Sports

Brave Carl Frampton bows out with brilliant legacy after cruel defeat by Jamel Herring

It was the end for Carl Frampton in Dubai late on Saturday night.

In round six of his last ever professional fight, Frampton was dropped, hurt, staggering, fighting back and then rescued from his own bravery by his corner and the referee.

Frampton was fighting Jamel Herring in the tiny ring, but the years of devotion, service, struggles and setbacks in the boxing game combined to make an enemy he simply could not resist. He became an old young man in a fight I thought he would win. It happens, boxing is cruel.

He was on his feet when his boxing career finished officially at 1:40 of the sixth of his bold attempt to win a world title at a third weight. The record books will show the raw statistics and not the bloody sacrifices, the triumphs so great they sound epic when retold and nights that nobody in our unforgiving game will ever forget. And, Frampton was a pleasure to be with in fight week. I can hear the roar of his crowd now, that breathless moment when a big Frampton fight was about to start. It was a journey, a lovely journey.

“I said I would retire if I lost and I will retire, I’m done,” Frampton said in the ring at a venue with absolutely no heart and soul, pitched somewhere in the anonymous neon sprawl of Dubai. “I have to go home now and be with my wife and kids and devote the rest of my life to them.”

Frampton is 34, this loss was his third in 31 fights in a business he discovered as a child in Belfast – it is a business that suckered him in, made him famous, gave him wealth and insisted in exchange that he make it the number one priority in his life. He agreed. It’s a brutal deal the best fighters have to make and most agree with a heavy heart. Frampton was always looking at ways to extend his family time, it’s been a conflict for a long time: Herring’s calculated performance gave the Belfast idol the perfect exit. He finished his decade of glory praising his opponent and declaring his eternal love for his wife and kids – it was a masterful, mindful and emotional way to go. It was, in short, class.

The boxing game is packed with after-timing geniuses, but it was painfully clear from about one-minute of the first round that the old, smart, sharp and elusive Frampton was not in the Dubai ring. His legs looked heavy, his hands looked slow.

Herring had the reach and height advantage and never surrendered a single inch of the six or seven inches that he had; Herring moved, picked his shots with precision and growing power. The power was the real threat and not one that many were happy to consider when this fight was first made in December 2019. Herring was considered a big, awkward southpaw, a man with far fewer natural skills than Frampton; the one-time marine, scarred by what he witnessed as teenager on two tours of Iraq, was better than imagined. In his last fight, a messy defence of his WBO super-featherweight title, he was called a coward. Herring just kept smiling, he knew what he was capable of. And, Herring, by the way, is one of boxing’s truly nice guys.

In Dubai, the last venue for a nomadic fight, Frampton tried one thing, tried another and Herring just popped away with a simple jab, but it was a jab with jarring power.

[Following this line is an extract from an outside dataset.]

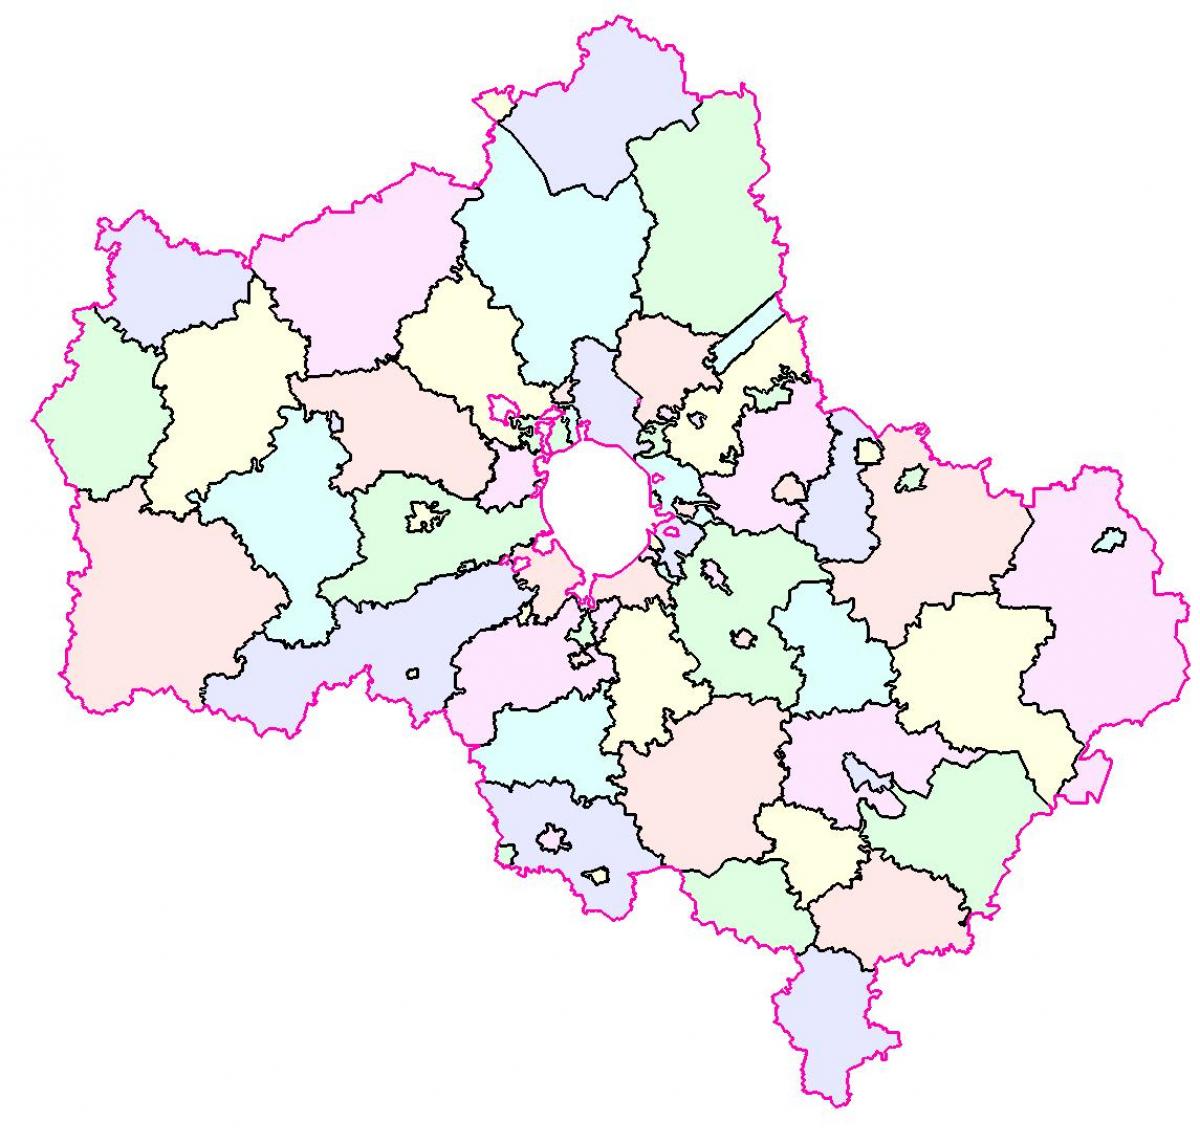 Moskva Karte der region

The first three rounds went that way, Frampton was short in every area. He forced the pace in the fourth and nicked it, but Herring remained composed, even when a cut on his right eyelid needed some emergency work at the end of the fourth.

Frampton was also marked under the right eye, his eyes sparkling as he came out for the fifth: a perfect left cross counter dropped Frampton. He was not hurt, not badly damaged, but he was shaken enough to back away. Herring had him, that’s the savage truth. In a million homes the shouting probably stopped as Frampton went back to Jamie Moore and Nigel Travis in his corner. Frampton’s fans knew what the corner knew: the end was written. It was a cold moment, it always is when a boxer and his people know a fight is lost before the final punches confirm it. It’s possible Carl had known from the start.

The American knew it as he came out for the sixth, his feet just a fraction closer, his punches just a bit more damaging. I feared for Frampton then. In the Channel Five studio with me was Josh Taylor, the world light-welterweight champion and an old, old friend of Frampton. “Herring’s looking to finish it,” he said, it was close to a whisper. Ten seconds later, Herring connected with a sickening left uppercut and Frampton went down heavily. He beat the count, Taylor could barely watch. The referee hovered close, Herring let his heavy fists go, they traded, Frampton tried, was caught and caught, staggered and then the towel was launched. Frampton had no complaints: His last fight was over.

Frampton stood one final time as a boxer in that temporary ring, in that tinsel town of promises and deceit and had a look of total shock and despair on his face. He will return forever to his family and boxing will have lost one of the finest fighters of the last ten or so years. He won world titles at two weights, led the chorus of approval and affection from fans he adored and was adored by.

There will be debates on his greatest night, the greatest win, moment, punch, celebration and people will debate long into the dark, dark night. There are so many memories, but perhaps the heartbreaking moment on Saturday night, his last words in defeat when he fought back the tears and declared his love and devotion for his wife and children will always be the moment that Frampton’s fans agree on. That took some guts. Carl, thanks for so many memories.